Chronic high dose of insulin stimulates lipolysis in porcine adipocytes.
- Author:
Yongqing YANG
1
;
Dapeng JU
;
Mingtao ZHANG
;
Gongshe YANG
Author Information
1. Laboratory of Animal Fat Deposition and Muscle Development, Northwest A & F University, Yangling 712100, China.

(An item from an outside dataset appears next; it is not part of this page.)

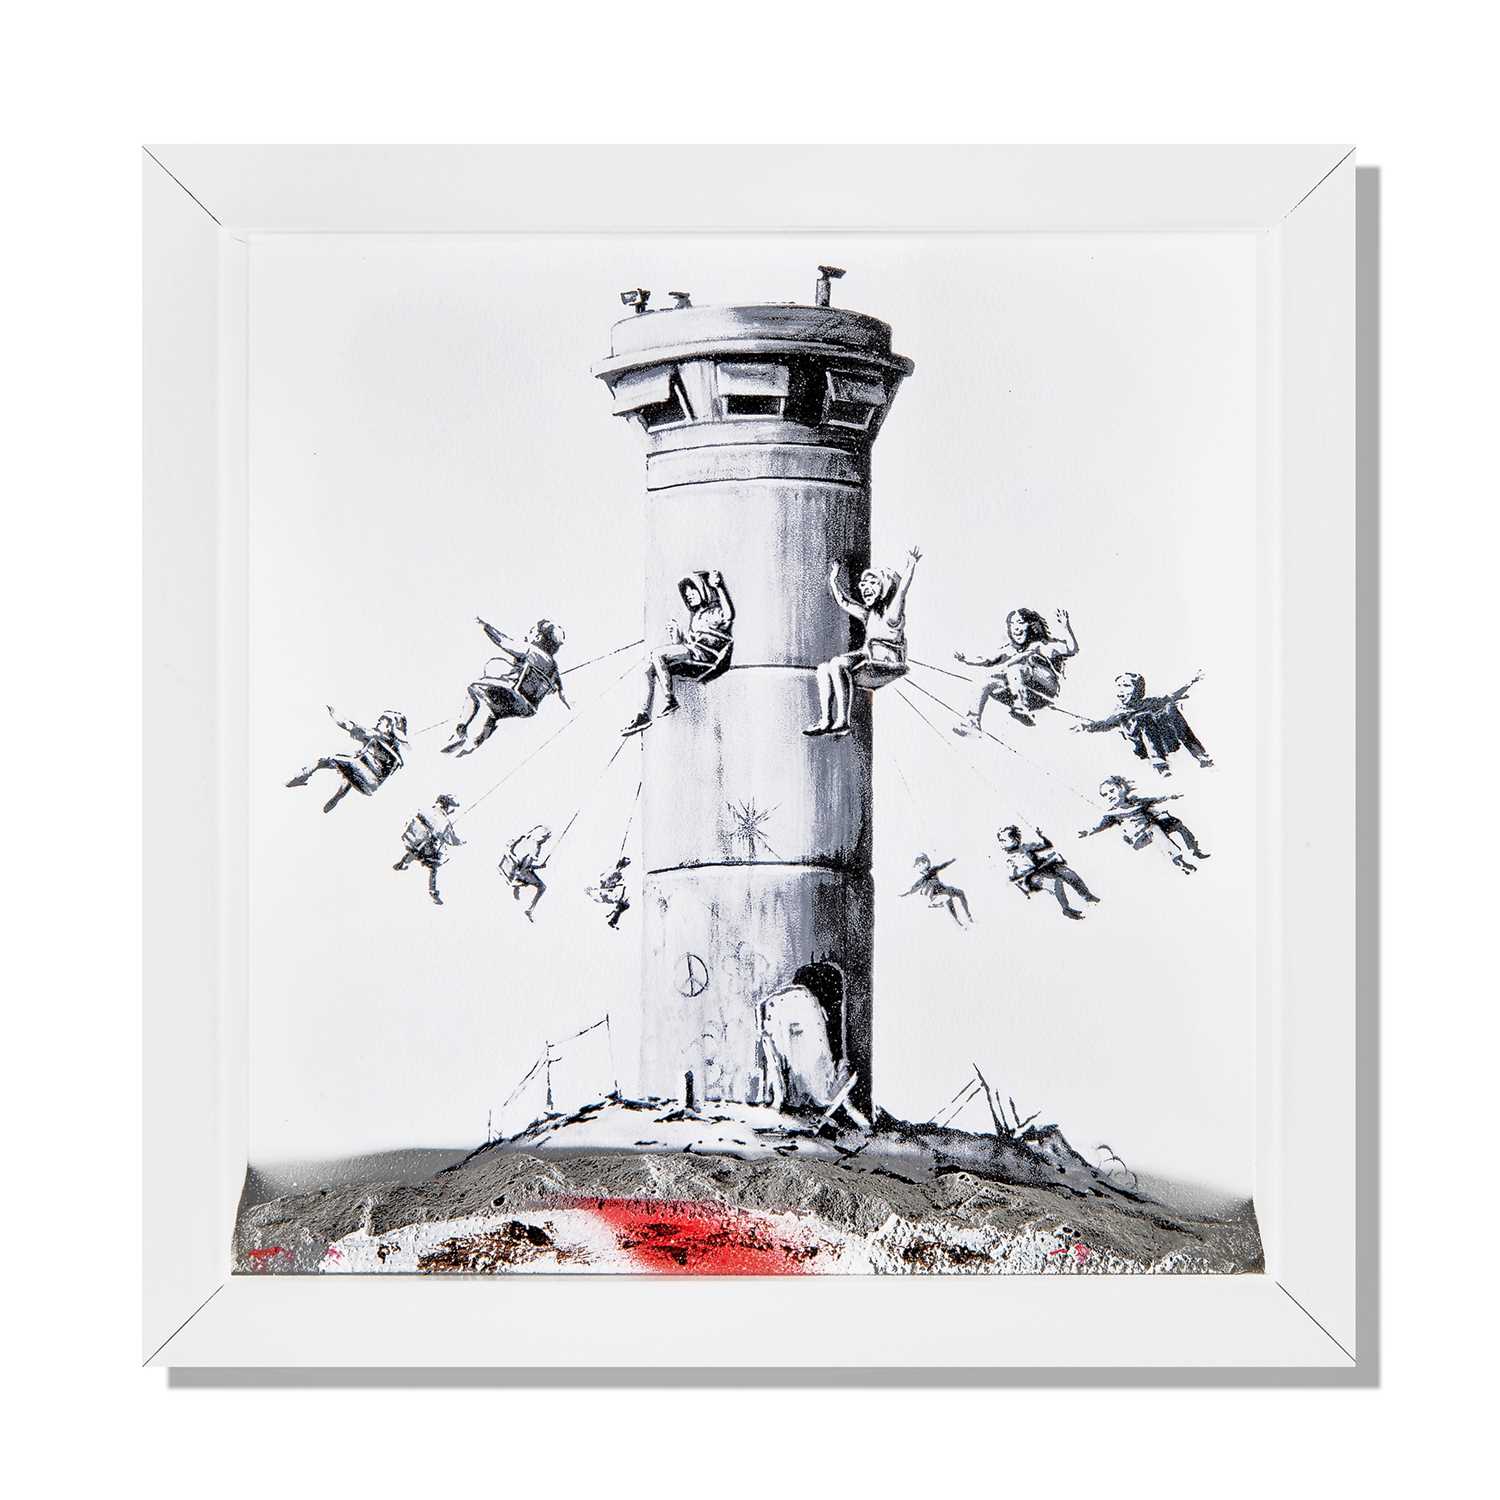 THE WALLED OFF HOTEL BOX SET Banksy
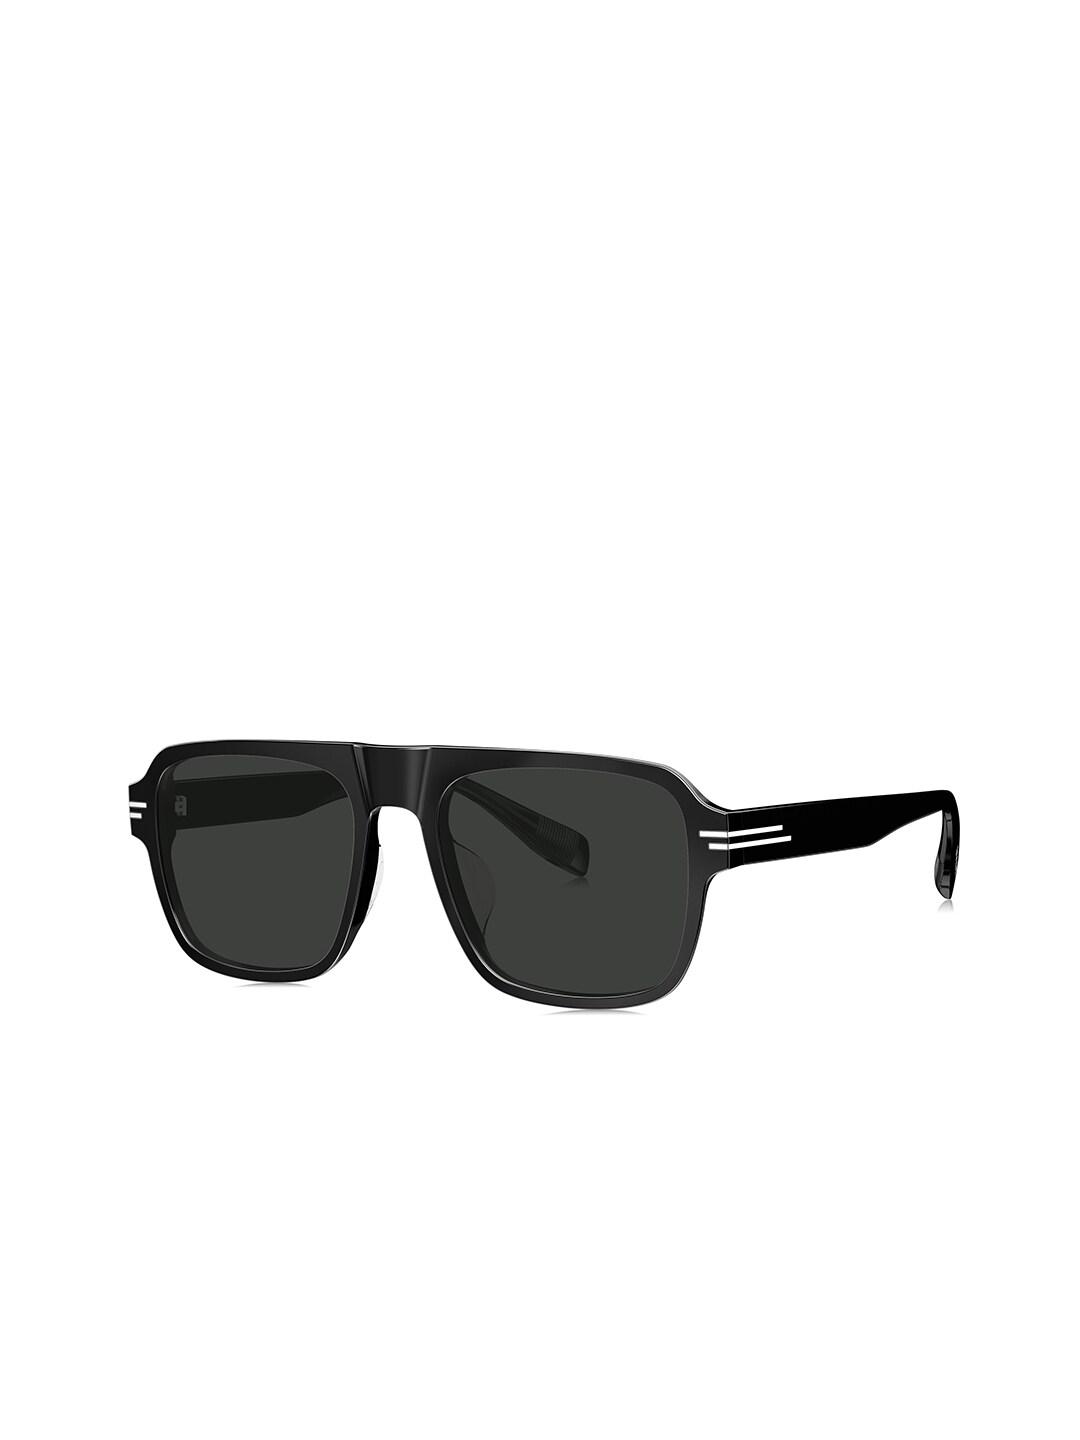 BOLON EYEWEAR Men Oval Sunglasses with Polarised and UV Protected Lens

- Publication Type:Journal Article
- MeSH:
Adipocytes;
cytology;
drug effects;
metabolism;
Animals;
Carrier Proteins;
Dose-Response Relationship, Drug;
Down-Regulation;
drug effects;
Insulin;
pharmacology;
Lipolysis;
drug effects;
Perilipin-1;
Phosphoproteins;
metabolism;
Swine
- From:
Chinese Journal of Biotechnology
2009;25(1):16-22
- CountryChina
- Language:Chinese
-
Abstract:
To explore the effect of chronic high dose of insulin on lipolysis in porcine adipocytes and the underlying molecular regulation mechanisms, we cultured primary porcine adipocytes and incubated them with different concentrations of insulin (0, 200, 400, 800, 1600 nmol/L) for 24-96 h in the absence or presence of specific protein kinase A (PKA) inhibitor or extracellular signal-related kinase (ERK) inhibitor. Then, we measured the glycerol release into the culture media as an indicator of the lipolysis, and observed the lipid accumulation morphology by phase-contrast microscopy. Further, we analyzed the gene expressions of perilipin A and peroxisome proliferator-activated receptor-gamma 2 (PPAR gamma 2) with semi-quantitative RT-PCR and Western blotting, respectively. The results showed that chronic high dose of insulin stimulated lipolysis in differentiated porcine adipocytes in a dose- and time-dependent manner, and significantly attenuated the lipolytic response to isoprenaline. Meanwhile, the protein and mRNA expressions of PPAR gamma 2 and perilipin A were significantly reduced. In addition, both PKA and ERK inhibitors significantly suppressed insulin-stimulated lipolysis, however, only ERK inhibitor reversed the insulin-induced down-regulation of perilipin A. These findings imply that chronic high dose of insulin stimulates lipolysis in porcine adipocytes by repressing perilipin A, which is involved in ERK pathway.